It's hard to believe it's already been a year since the first cases of a mysterious pneumonia emerged among vendors at a seafood market in the central Chinese city of Wuhan. Despite huge advances since then in how we treat, beat and contain Covid-19, scientists are still struggling to discover the origins of the virus that's killed nearly 2 million people and brought the world to a standstill.

Prior to its appearance at the market—which some media reported sold wild animals and their meat—very little is known about the pathogen. If it's related to a similar virus found in the horseshoe bats of China's Yunnan province and parts of Southeast Asia, how did it travel more than 1,000 miles to the bustling industrial metropolis of Wuhan? Epidemiologists hypothesize some kind of intermediary animal, like a weasel or mink, may have facilitated it to cross the species barrier and into people.

Bloomberg Quicktake: Wuhan 1 Year On

Finding out with any certainty is typically painstaking work, and China is making it even more difficult. Experts from the World Health Organization haven't been allowed into Wuhan in 2020—they say they hope to get there this month—and state-controlled media have been pushing the line that the virus originally came into China via frozen food or packaging.

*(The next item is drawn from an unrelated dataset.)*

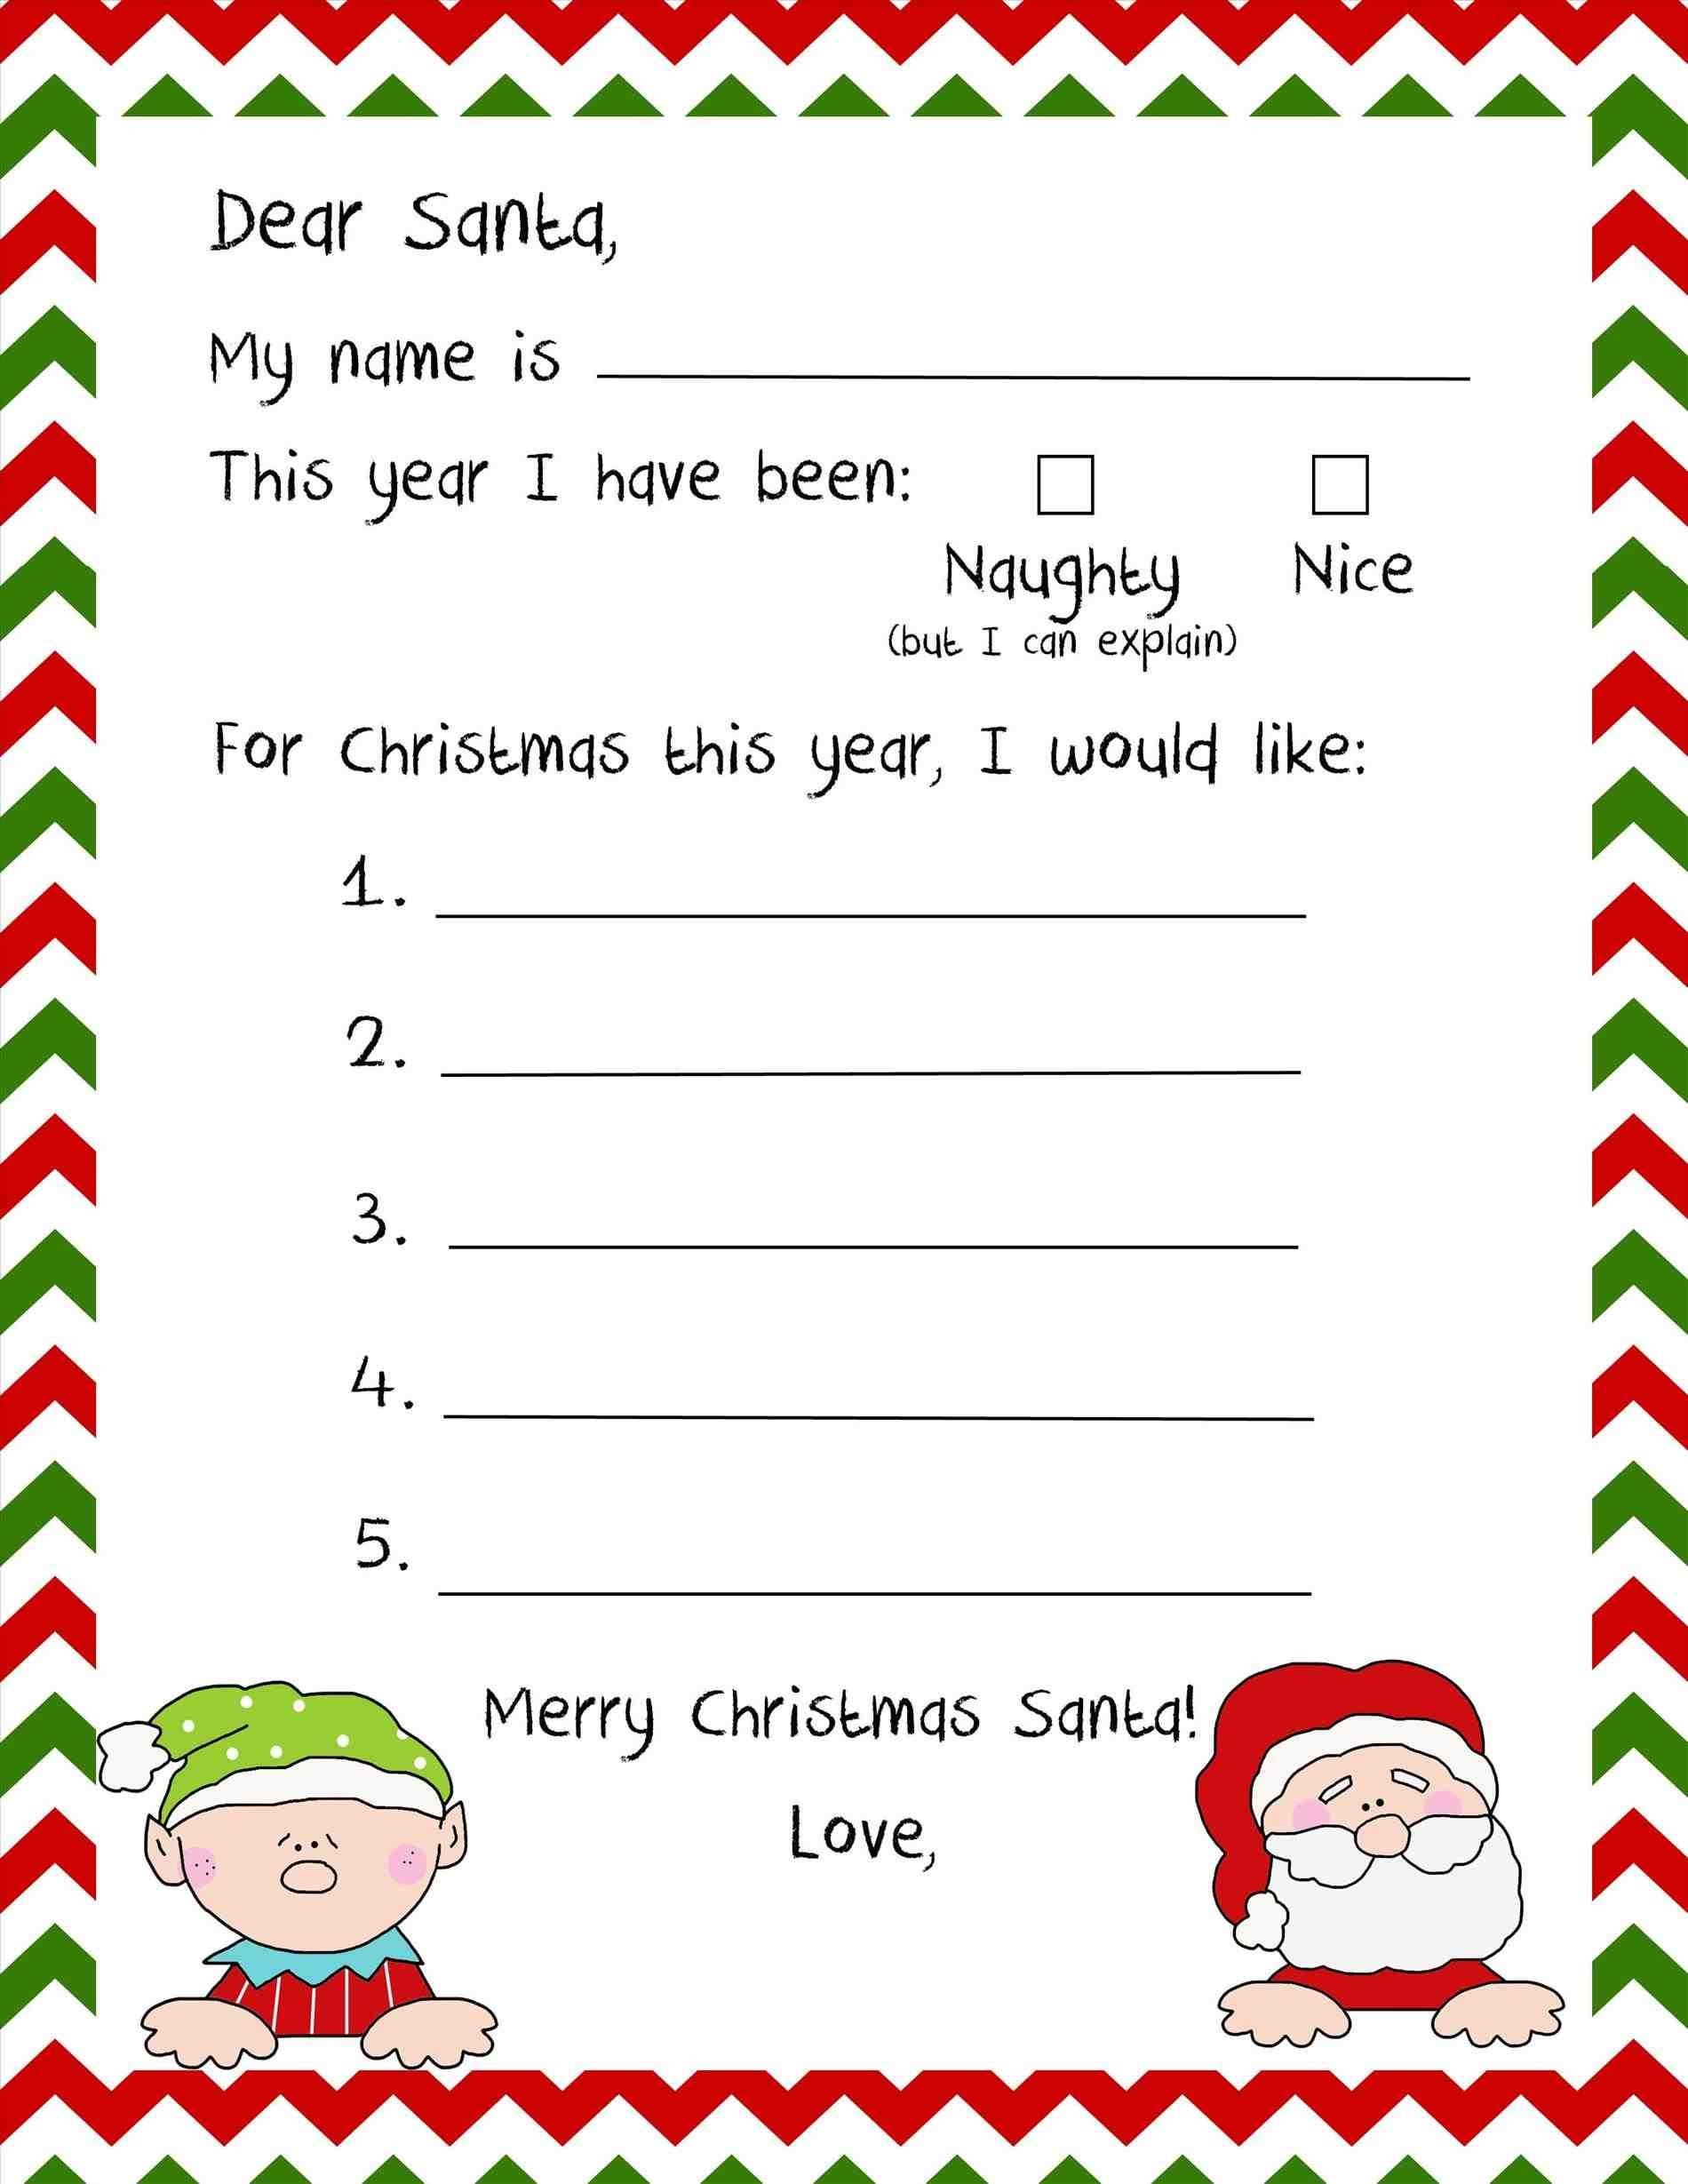 stationary-for-kids-to-write-santa-free-stationery-templates-deco-free-printable-elf

China is also censoring domestic research into the issue, and has punished Australia on trade for lobbying for an independent investigation.

Meanwhile, the country's success at quashing its outbreak has led to a victory narrative that slides past the origins of the virus, a posturing that prevents the kind of investigation that could help prevent future pandemics.

Nowhere is that more evident than in Wuhan.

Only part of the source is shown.